The integration of allelic imbalance determined by SNP array and our limited microRNA expression data support that half of the microRNAs are positioned in allelic imbalance areas. Although loci imbalance status of miR-126 and miR-150 (Table 4) showed good correlation with microRNA expression by Q-RT-PCR (Supplementary Table S5, S6), the expression pattern of miR-31 and miR-205 didn’t match their loci imbalance status. Possible explanations underlying these inconsistencies are existence of another deregulating mechanism, inadequate threshold setting or array noises. Meanwhile, in order to find low level allelic imbalance, we manually analyzed SNP data in the locus of miR-21 and miR-23b using the same threshold (amplification >2.5, deletion <1.7). Expressions of both of these microRNAs were overexpressed in tumors by Q-RT-PCR analysis (Fig. 4). We then extended our analysis in all the SNP data set (n = 119) and as expected observed one of previously well characterized microRNA, miR-21 locus showed significant amplification in tumor (Supplementary Table S9) and our focus miR-23b locus was also showed significant amplification in tumor (Supplementary Table S10).
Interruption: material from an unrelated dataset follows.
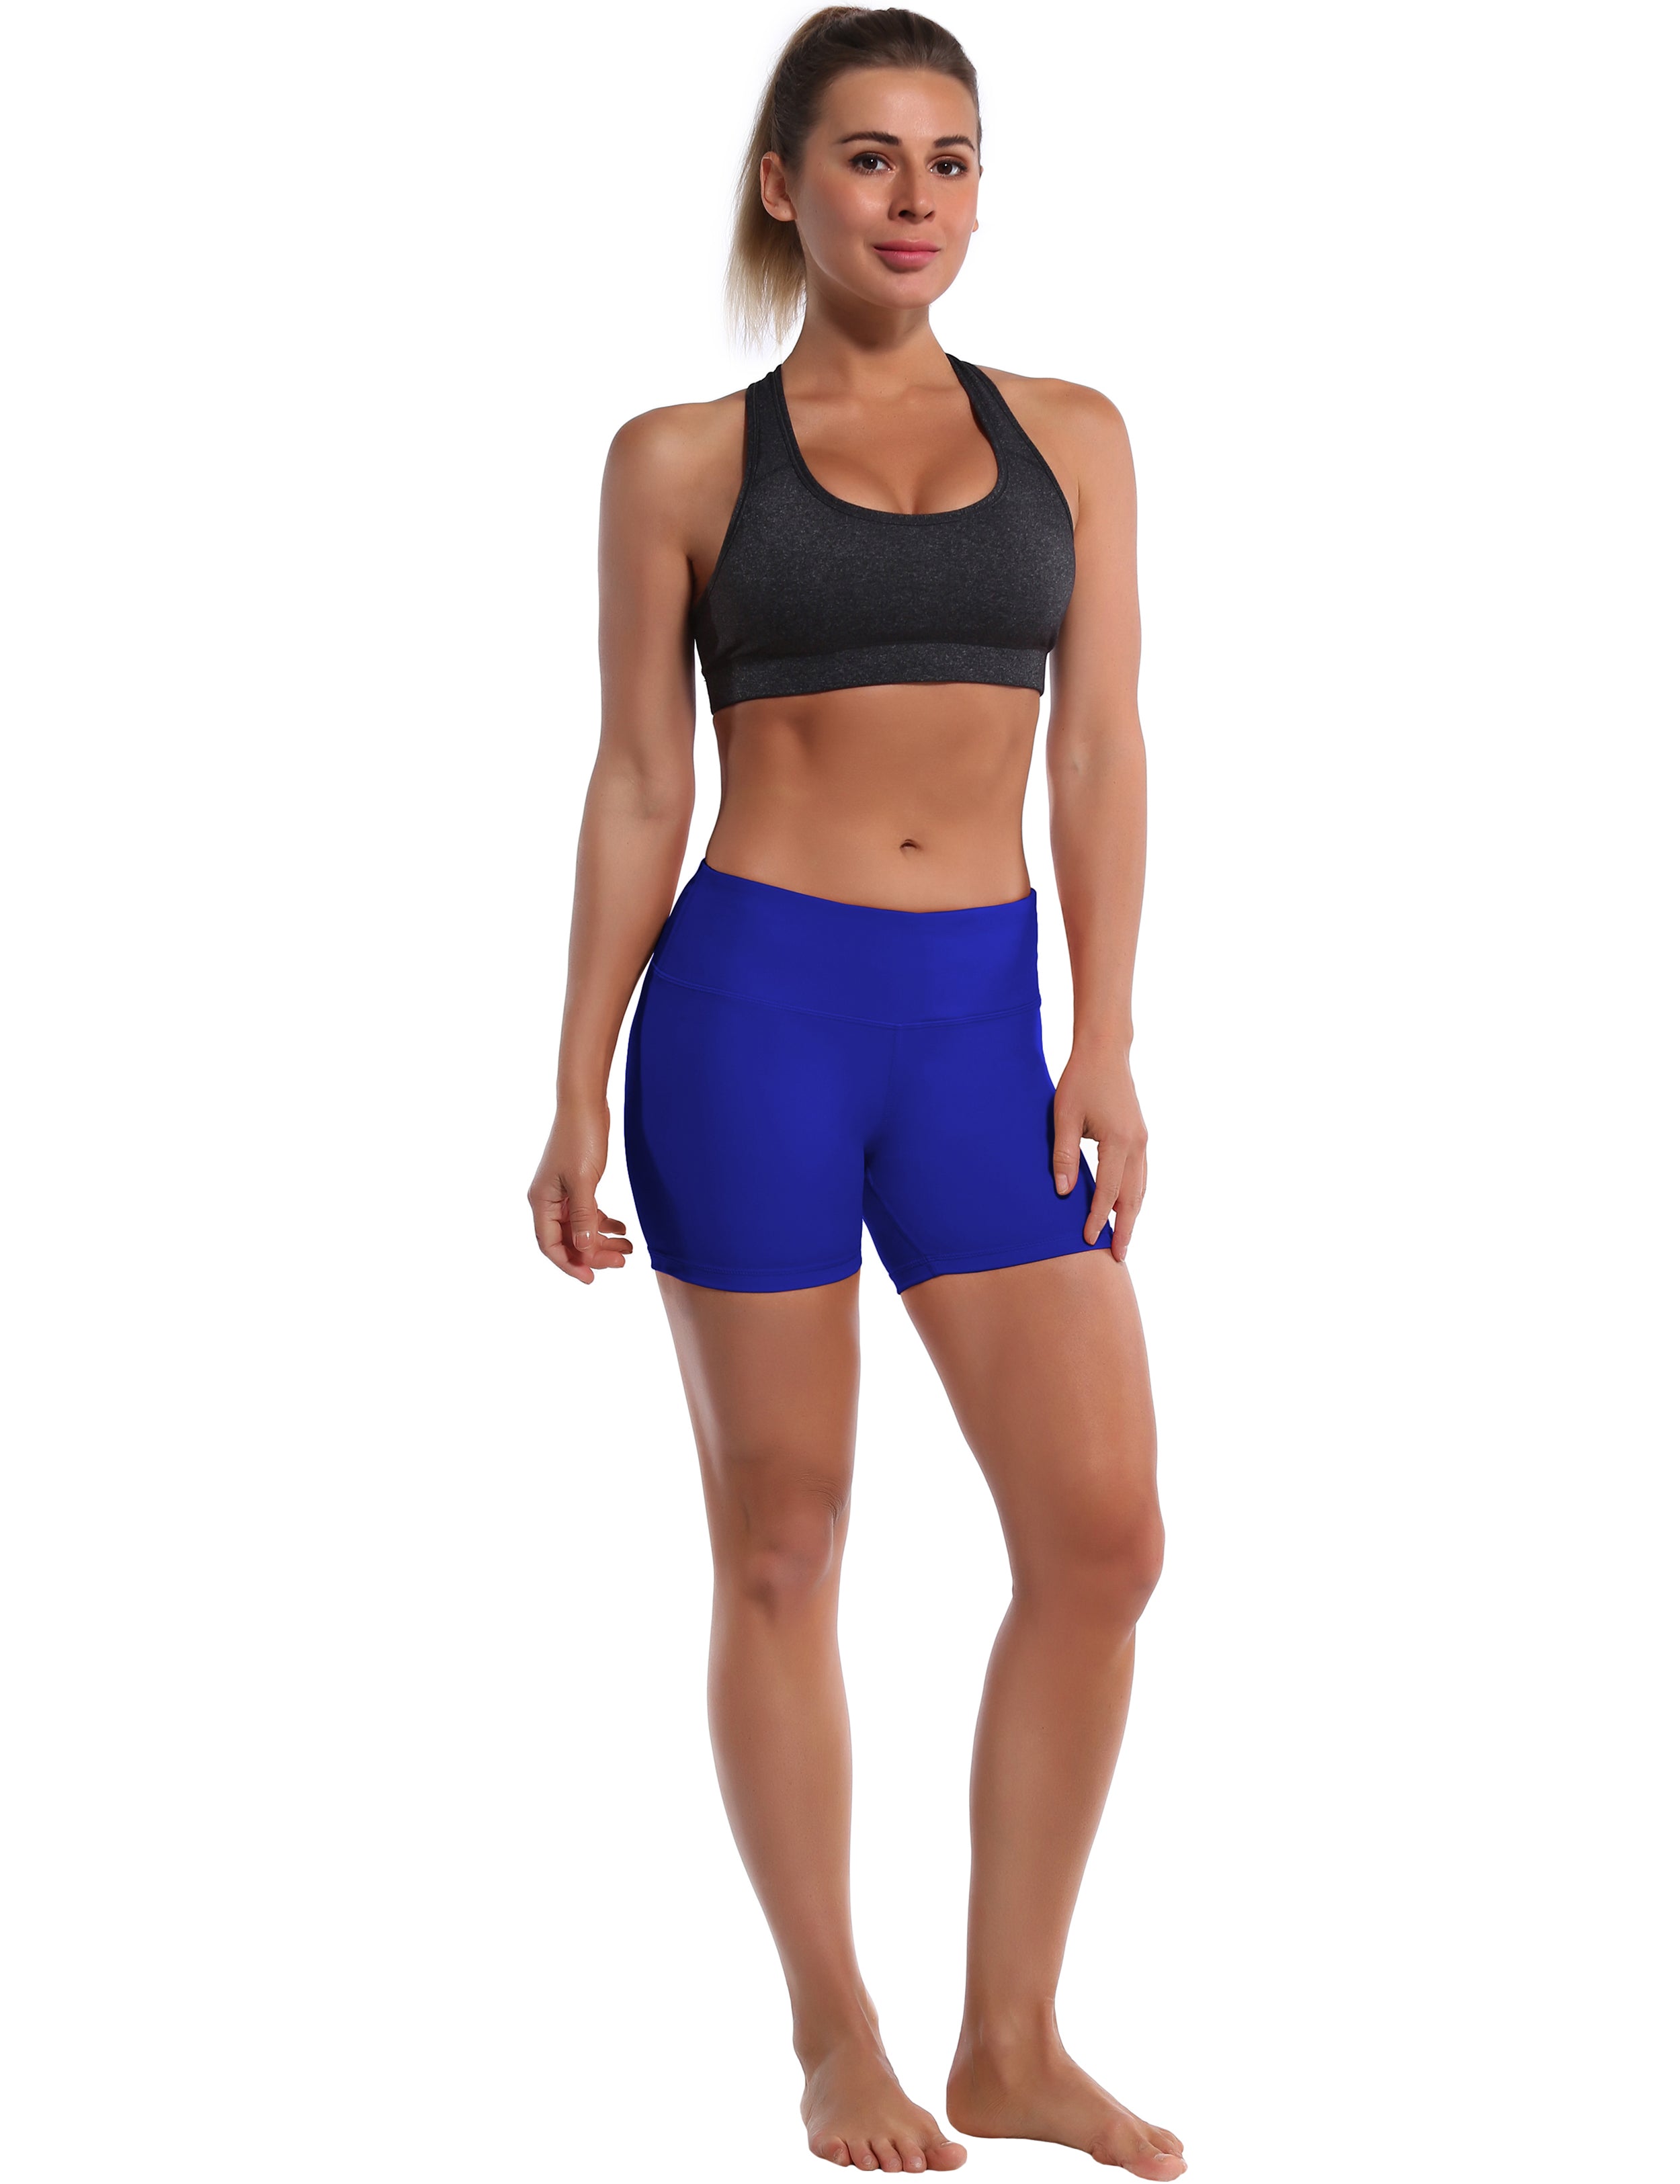 4" Golf Shorts navy Sleek, soft, smooth and totally comfortable: our newest style is here. Softest-ever fabric High elasticity High density 4-way stretch Fabric doesn't attract lint easily No see-through Moisture-wicking Machine wash 75% Nylon, 25% Spandex
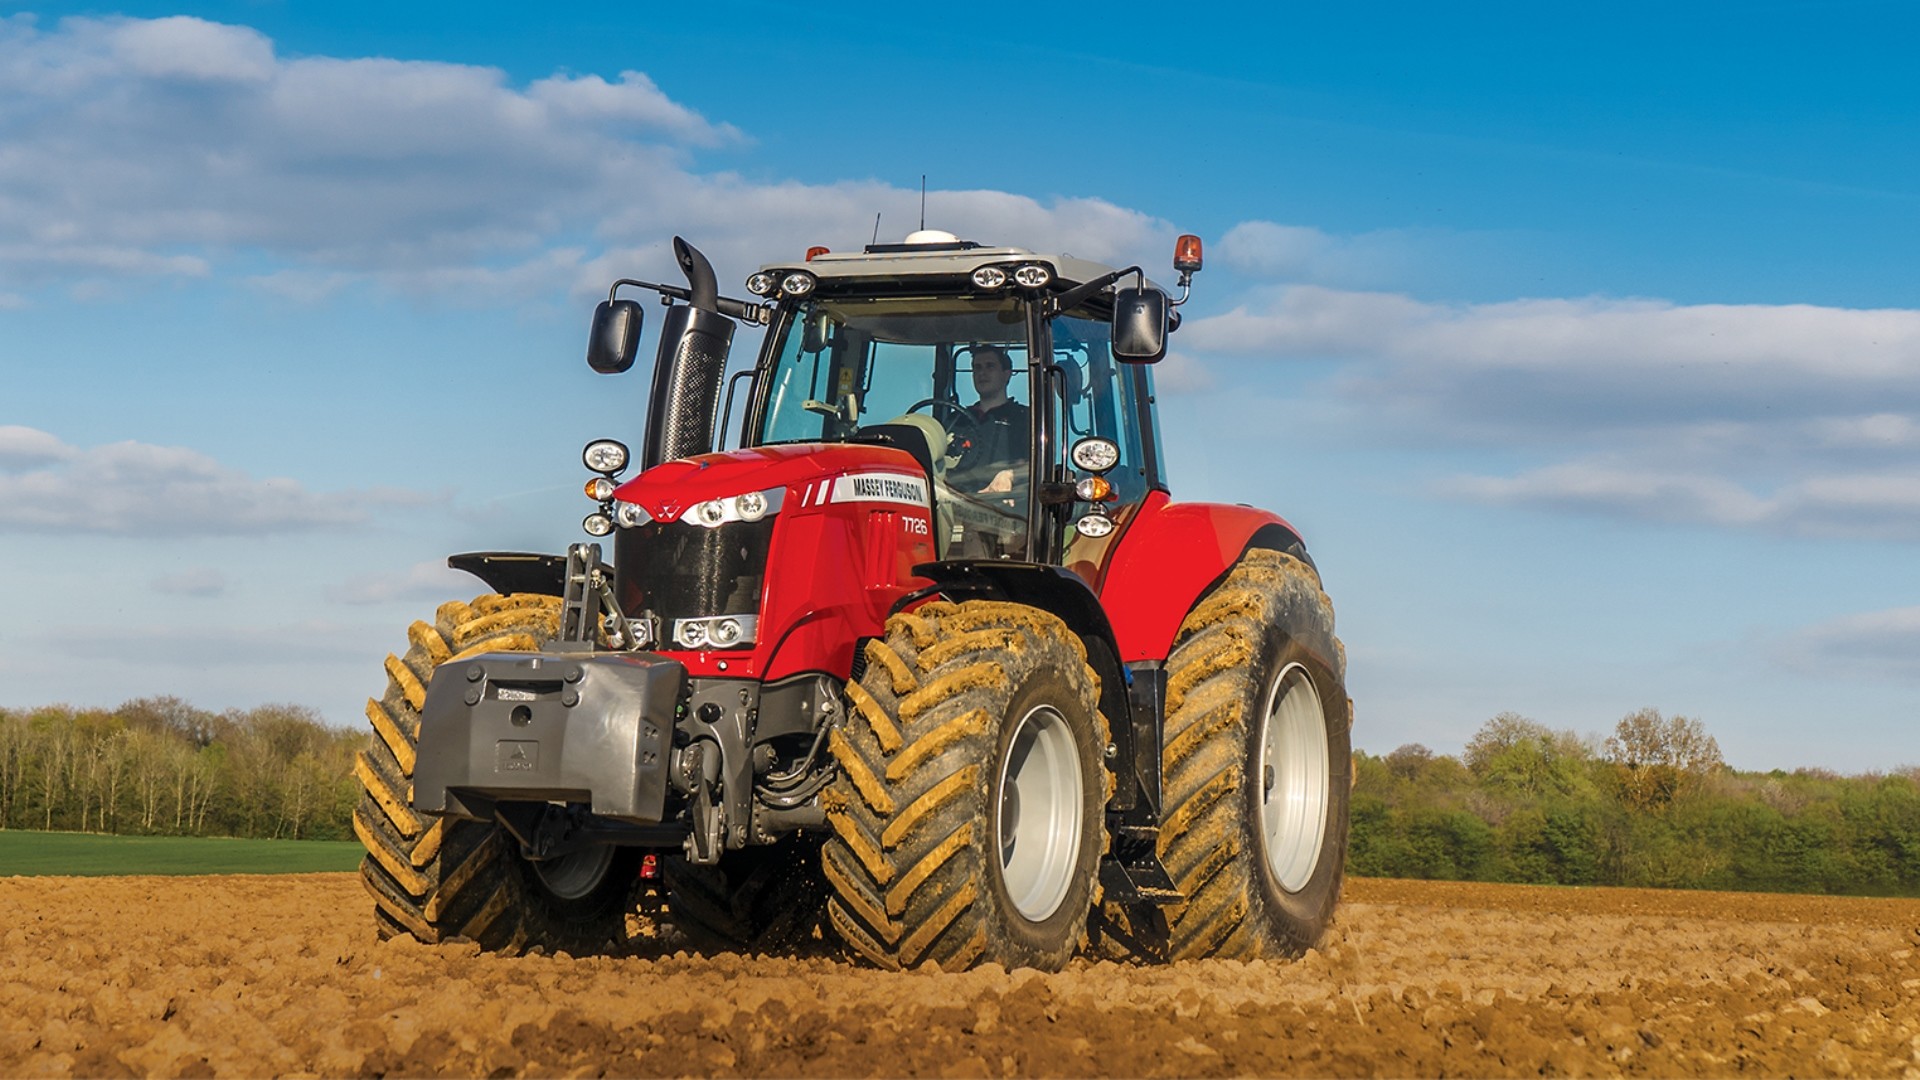 traktor wallpaper,land vehicle,tractor,vehicle,agricultural machinery,field

Overexpression of miR-21 and miR-23b in NSCLCs seemed to be partially due to allelic amplification.

While it is evident that miR-23b is a potential oncogene for the genesis and progression of NSCLC by our initial functional analysis data and testing of NSCLC samples, miR-23b has been found to have dual role in carcinogenesis, both as a tumor suppressor and as an oncomir. A detailed review of functional consequences by miR-23b has been published recently30,31. As a tumor suppressor, Majid et al.31 reported that miR-23b was frequently silenced in prostate cancer by methylation and it had anti-proliferative and anti-invasive properties through repressing Src kinase/Akt pathway. Promoter hypermethylation of miR-23b was also found in gliomas32. Another recent report suggested that radio-resistant pancreatic cancer cell lines showed the reduced levels of miR-23b and overexpression of miR-23b sensitized the cells to radiation by targeting ATG12, a known autophagy-related protein33. On the contrary, Jin et al. indicated the oncogenic character of miR-23b in breast cancer, showing that ERBB2, EGF and TNF-α promote its expression through AKT/NF-κB pathway34. Chen et al. revealed that down-regulation of miR-23b was followed by the inhibition of β-catenin/Tcf-4 and HIF-1α/VEGF signaling pathways in glioma35. Recently, Zaman et al. found that PTEN was overexpressed after miR-23b-3p knock-down in renal cancer cells and also found inverse correlation of miR-23b with PTEN expression in human samples36. PTEN inactivation was reported as a poor prognostic factor37,38 or a chemotherapy resistant factor39,40 for NSCLC. As a future study, we have to elucidate the gene targets of miR-23b in NSCLCs including PTEN36 and find mechanism of involvement of miR-23b in lung carcinogenesis.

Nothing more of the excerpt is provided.